Orange-crowned Warbler

First memory is of leaving the hospital
where he was born; blue sky,
an arc of blanket and the nuns looking on
with their starched cornettes. Their hats
had wings and they’d fly. Who’d ever
believe someone who spends so long alone
with time to seek excitement in the ordinary,

which word describes the city he grew up in;
red brick and smoke, the number fifty
bus, with rain and morning prayer
at school. Our father . . . please obey instructions
and do not assume that God supports the same team
that your father does. His parents

lived through the war but on opposite sides:
first lesson in patriotism.
Then there were trains, the night run
to baroque extravagance and a one-room
apartment with a view that history books
don’t mention. He was happy where he was
so foreign even his birth certificate gave
him the name of a stranger. The lesson:

family is not a word for trust. Education?
Not much, just the appetite
to see in other countries what God
and propaganda mean. Never looked for trouble
but it found him anyway.
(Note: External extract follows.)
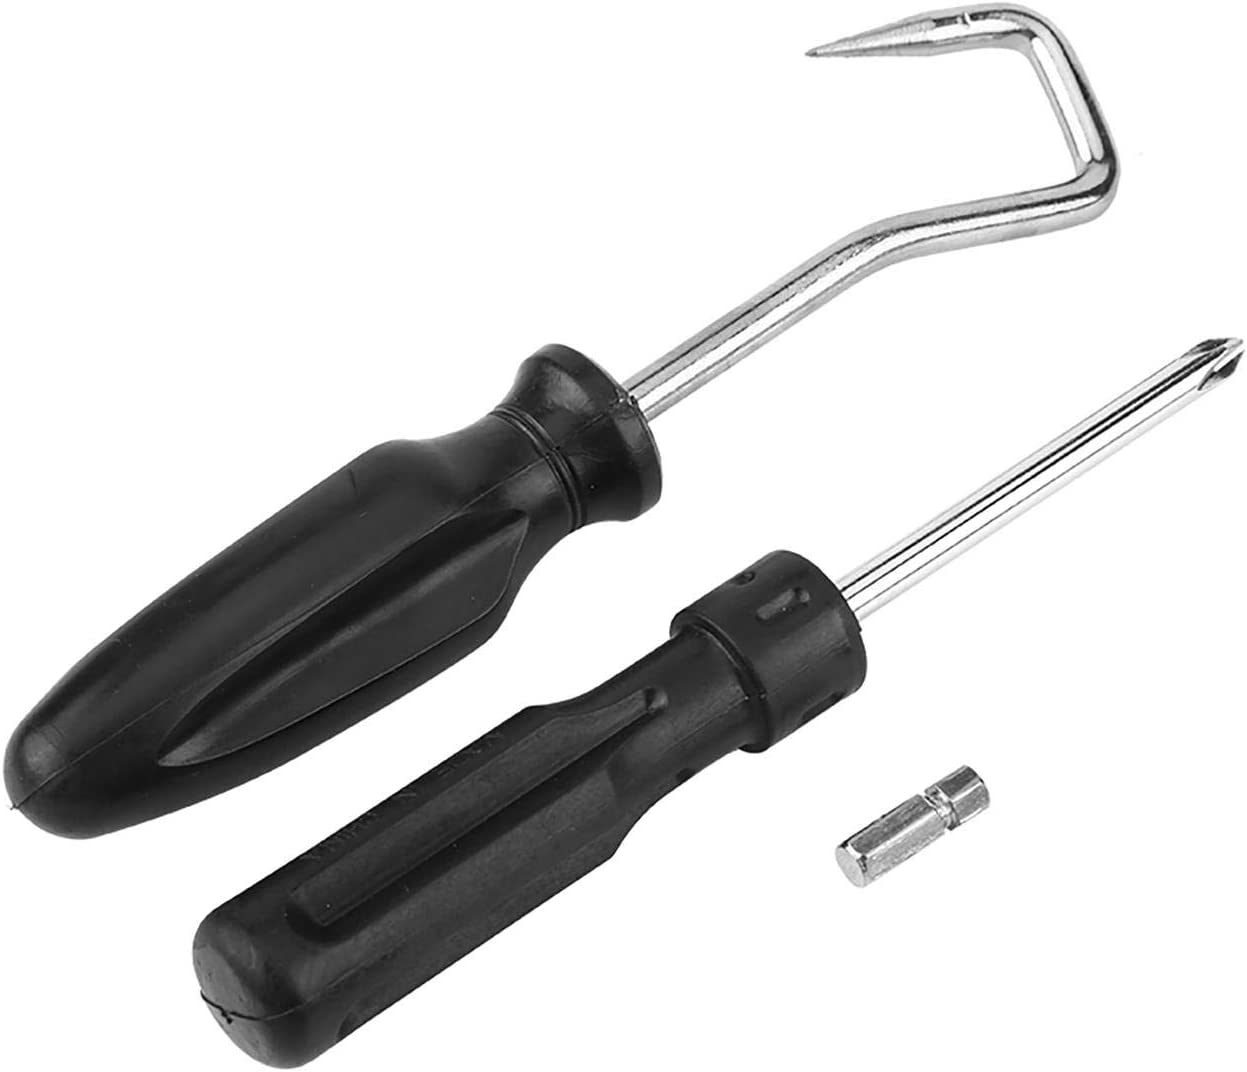 Set di Pinze a Clip per Rimozione Set di Strumenti Automobilistici con Custodia Joycelzen 9 Pezzi Set di Pinze per Fascette Stringitubo Flessibili
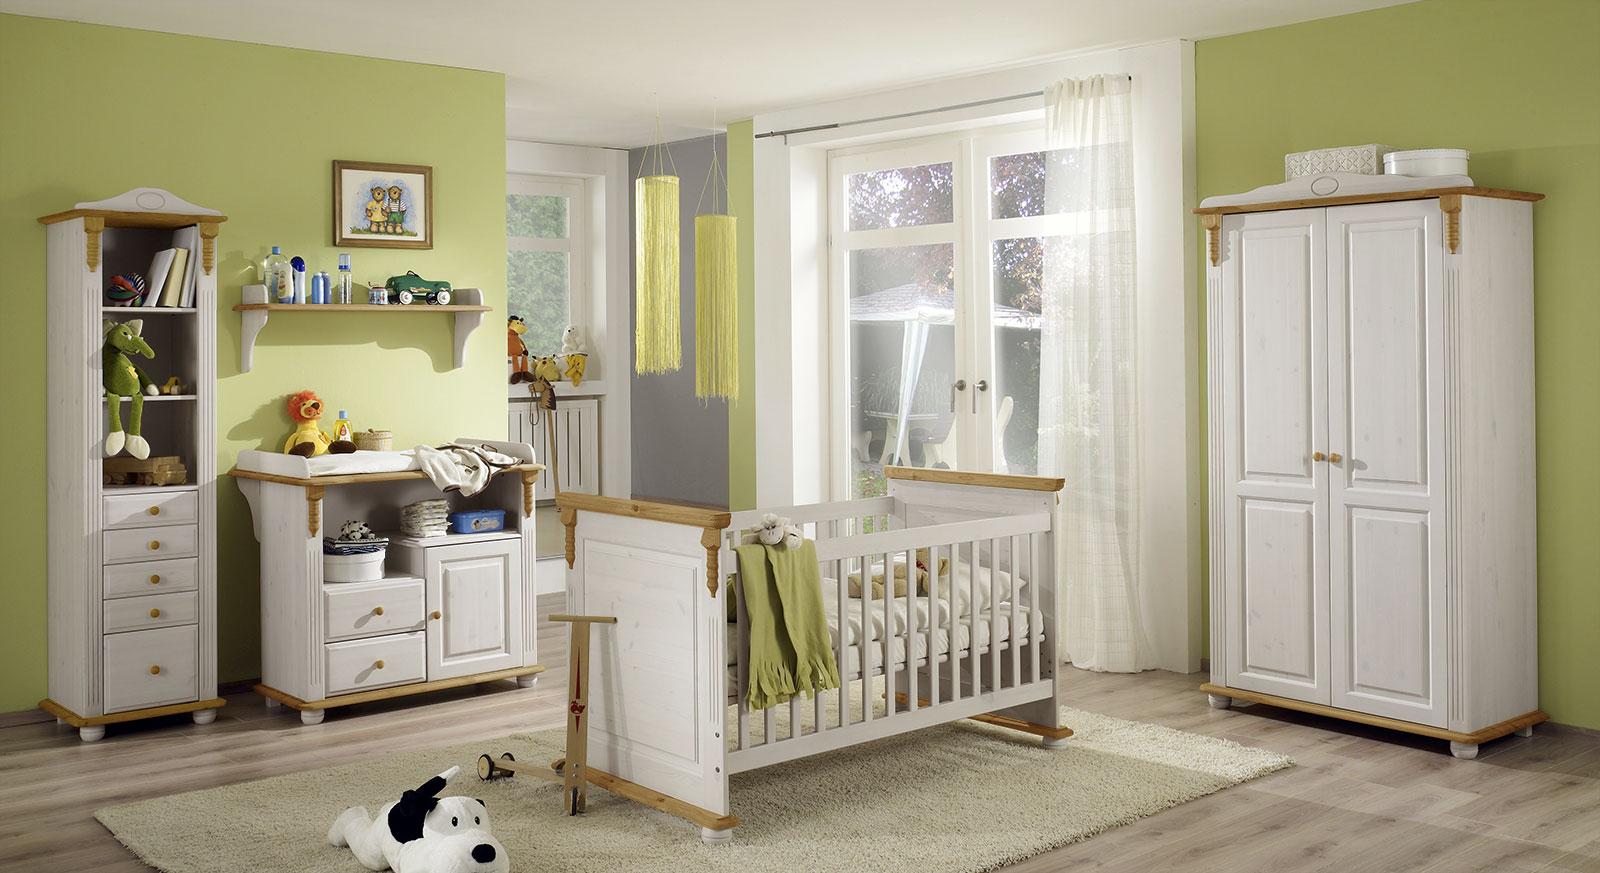 Babyzimmer Countryside mit passendem Zubehör

He still
had the quiet life he craved, and after all
redacted pages are accounted for

misfortune found him, took
a second bite but didn’t like
the taste. Doesn’t go far now, just into
the desert and home to backyard birds.
Look: an Orange crowned warbler.

 

David Chorlton lives in Phoenix and looks back on many trips once taken to various countries and around Arizona. He currently takes lessons in poetry (and painting) from a familiar patch in a nearby desert preserve. In brief, pay attention to the small things and use what is seen as a lens through which to focus on broader ideas.